Иван Евграфович человек образованный, Московский университет окончил, за границей бывал. За что его сослали в Корчевский уезд на поселение, никто не знал. Жил тихо, учил детей, много ходил по окрестным школам и деревням пешком, хотя человеком был со средствами, мог бы и свой выезд иметь. Низкоросл, рыжебород, очки на шнурке, в одежде и обращении прост, умел делать крестьянскую работу, врачевать. Односельчане уважали его.
Петр с пяти лет читал, память имел превосходную, а способностью к языкам поразил и самого учителя. Отец Алексий учение сына всячески поощрял, не возражал, что Петя большую часть времени проводит в доме Лопухина. Библиотека у Ивана Евграфовича большая была, книги — духовные и светские — из Москвы в ящиках доставляли. Ко времени поступления в Тверскую духовную семинарию Петр немало из них перечитал, мог недурно говорить и писать по-немецки, знал латынь и немного старославянский язык. Главное же — опальный педагог открыл его душу для новых знаний.
На старшем курсе семинарии Петр познакомился с Александром Матвеевичем Бухаревым, ставшим впоследствии архимандритом. Бухарев — выпускник Тверской семинарии, был много старше, к тому времени окончил Московскую духовную академию, стал магистром, готовился к постригу в монашество. Влияние его на Петра было огромно, все, казалось, определилось в судьбе юноши — впереди духовная карьера. Так, наверное, и вышло бы, не вмешайся случай. Как-то, опускаясь по свежевымытой лестнице в семинарии, Петр поскользнулся и упал, подвернув правую ногу. Вгорячах вскочил, но идти уже не мог. К вечеру ногу разнесло, сапог не лез, и пришлось Илинского везти на пролетке в городскую больницу, к доктору Мордвинцеву.
Алексей Дормидонтович Мордвинцев был в Твери человеком известным: герой Крымской войны, награжден серебряной медалью «За храбрость», с самим Пироговым в лазарете работал, получил тяжелое ранение и по состоянию здоровья уволен в отставку. Внешность доктор имел запоминающуюся: был он грузен, широк в кости, огромная голова сидела прямо на плечах, бородища — по пояс, из-под лохматых бровей остро глядели зоркие, рысьи глаза. Гаркнет, лошади в испуге приседали.

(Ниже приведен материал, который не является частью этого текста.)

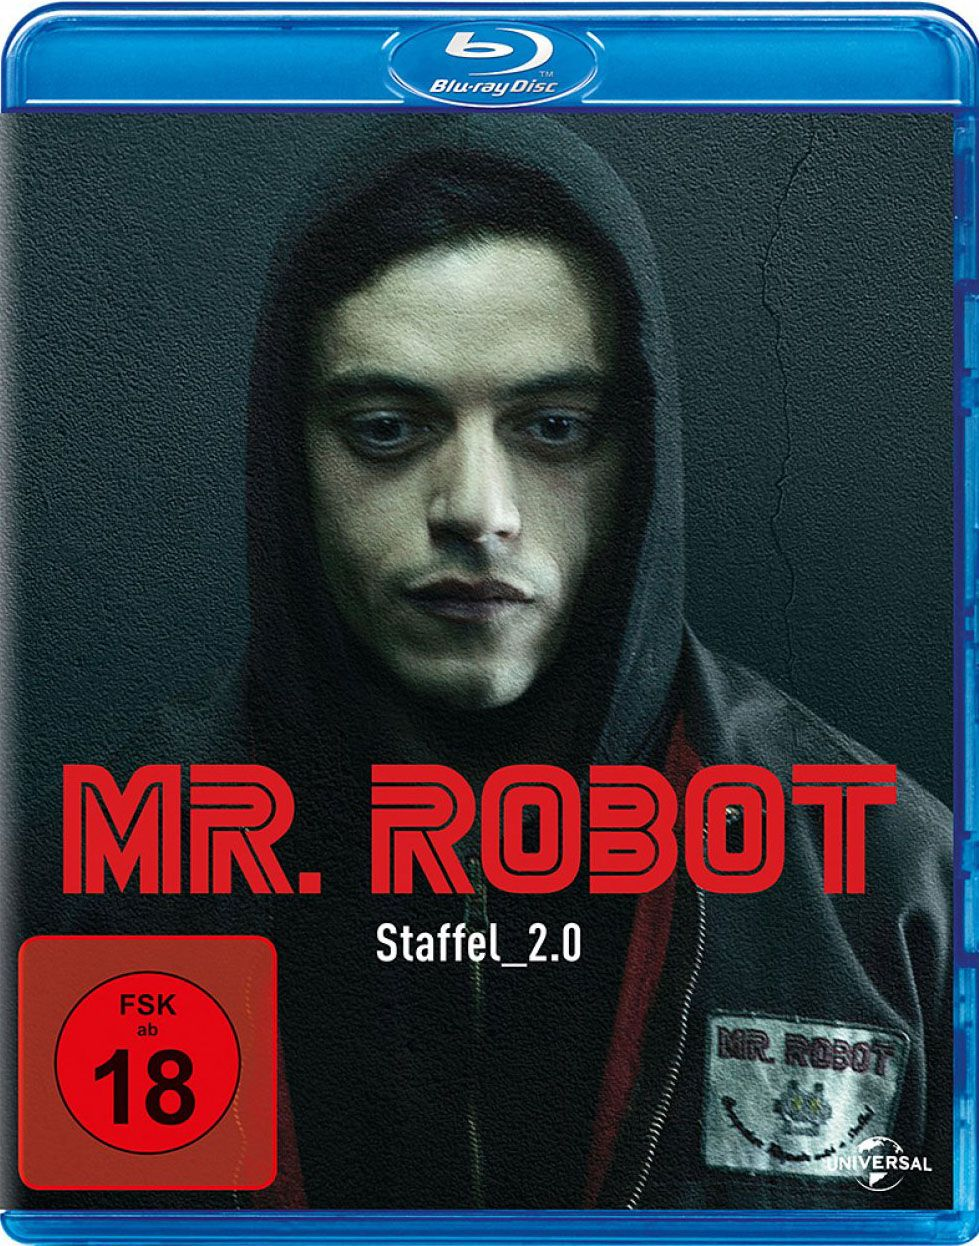 Mr. Robot - Staffel 2 (3 Discs) (BLURAY)
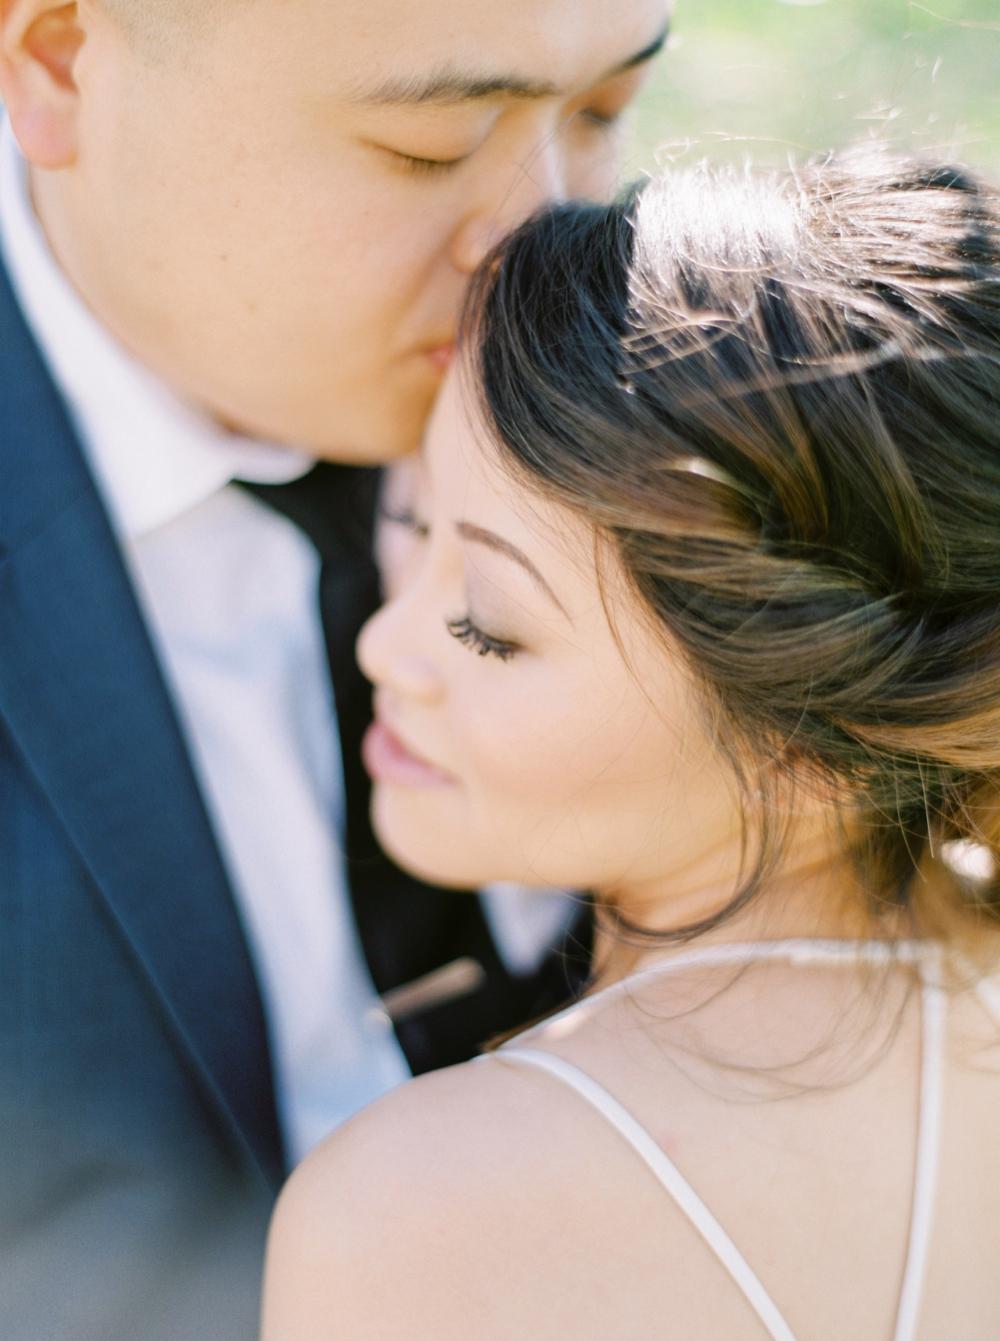 Bride and groom portraits | BHLDN wedding dress | Justine milton fine art wedding photographers | calgary wedding at the lake house

Посмотрел на опирающегося на посох Петра, загрохотал:
— А ты с чем, бурсак, явился?
— Нога... Подвернул, должно, ваше благородие.
Мордвинцев фукнул в бороду:
— Чин у меня, верно, есть. Только звать меня будешь доктором. Потому как доктор — самое важное в мире звание. Превыше падишаха. Терпелив ли ты к боли?
— Бог терпеть велел.
— Бог много чего велел.
От бороды доктора едко разило табачищем. Железные пальцы стиснули ногу, Петр не выдержал, заорал.
— Цыть, дурень! Больных перепортишь! Откуда сверзился?
— С лестницы.
— Лестница-то хоть цела? Повезло тебе, бурсак, кость сломал, но без смещения. Лубок тебе наложу. Звать как?
— Илинский Петр Алексеев.
— Петр, значит. В больнице тебя оставлю, погляжу, как кость будет срастаться. Хромой бес — куда ни шло, хромой поп — не годится.
Натерпевшись боли и страха, поудобнее разместив больную ногу в сыром еще гипсе, семинарист уснул, и приснился ему сон: будто вспыхнул вдруг огонек лампады у иконы Божьей Матери, образуя луч света, а в луче том святой в белом, ласковый, кроткий. Ходит меж коек, одеяла больным поправляет, воду с ложечки подает. Подошел к Петру, тронул за руку: «Ну что, болезный?» «Хорошо, батюшка. А вы кто будете?» «Я? — Святой улыбнулся и голосом отца Алексия сказал, покашливая: — Целитель Пантелеймон, здесь, при больнице, состою. Ты бы поднялся, помог мне. Одному не управиться». — «Так ведь нога у меня сломана». — «Уже срослась». Петр встал, не чувствуя боли, пошел за старцем и не шел вроде бы, а плыл по воздуху, и музыка слышалась откуда-то. И так на душе у Петра сделалось хорошо, тихо, светло...
Проснулся от рыкающего баса доктора Мордвинцева. Испуганно сел в койке.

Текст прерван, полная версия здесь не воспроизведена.